Bumper clings to the belief that that pack of psychopaths we call "government" could and might serve a socially useful purpose -- if "we" could just elect a tamer and "gooder" bunch of lunatics.
But he does come out with good stuff. One does not need to be an anarchist to write good libertarian essays.
Sam
I must agree, Sam; Bumper is less than 100% anarchist. But when he is good, he is very good indeed.
This one is superb, for it ridicules the notion that a border has any moral signiicance. Logically that means that nations have no moral significance, and that very nearly (though not quite, on its own) means that government has no moral right to exist. It's a powerful piece.
In contrast stands Ron Paul, who is also a mixed bag and very good on some issues; his stand on borders and immigration is dreadful, as I showed here.

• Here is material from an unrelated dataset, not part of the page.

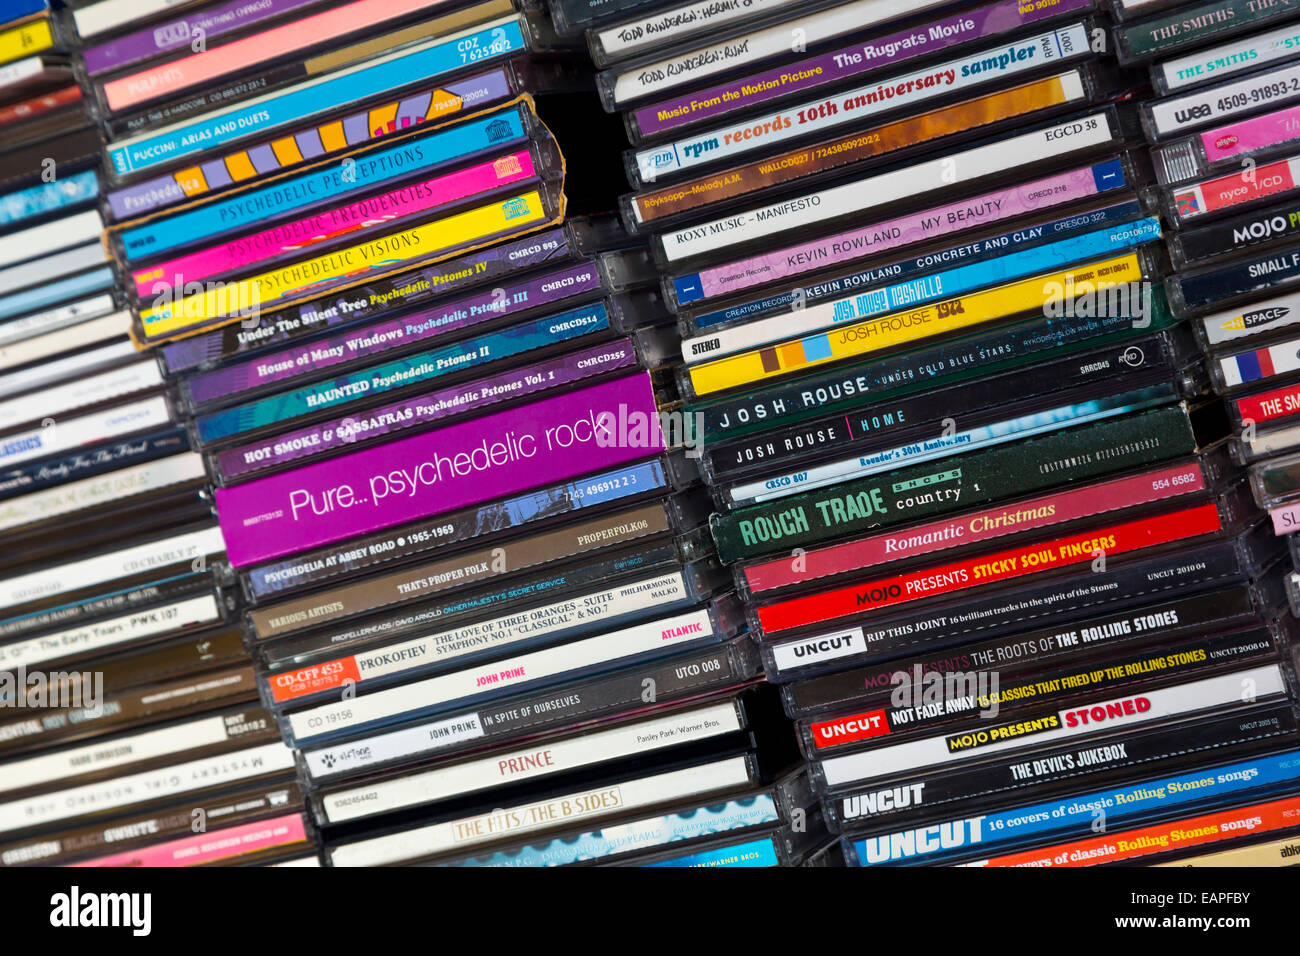 Grande collection de CD de musique empilés dans l'ordre alphabétique Banque D'Images

Seemed like he was slow to get to the point . More like he was interested in his own narrative. Is there any value in providing assistance to the poor and homeless. Part of me asks "How much money does one man need?", then I think a man should be able to make whatever he is capable of making and he gets to decide how he will use his money." Then I wonder about the phrase "The poor will always be with us. What does that really mean and imply? We will always have the poor and shouldn't expect to do anything about it because it is a fact you cannot change. I have had the experience of being around people who have no interest in working, but rather manipulating a deriving a source of income from others (cheating others). They find places to sleep, manage to get food in some fashion, manage to achieve a destination.
Another question which comes to mind which is more important and animal or a human being. I see commercials advertising for donations to help poor, abused animals, but I see nothing about poor, abused humans, or even human slave trade. Do Libertarians have solutions for this? I have no idea.
Happy to see you are still around Sam.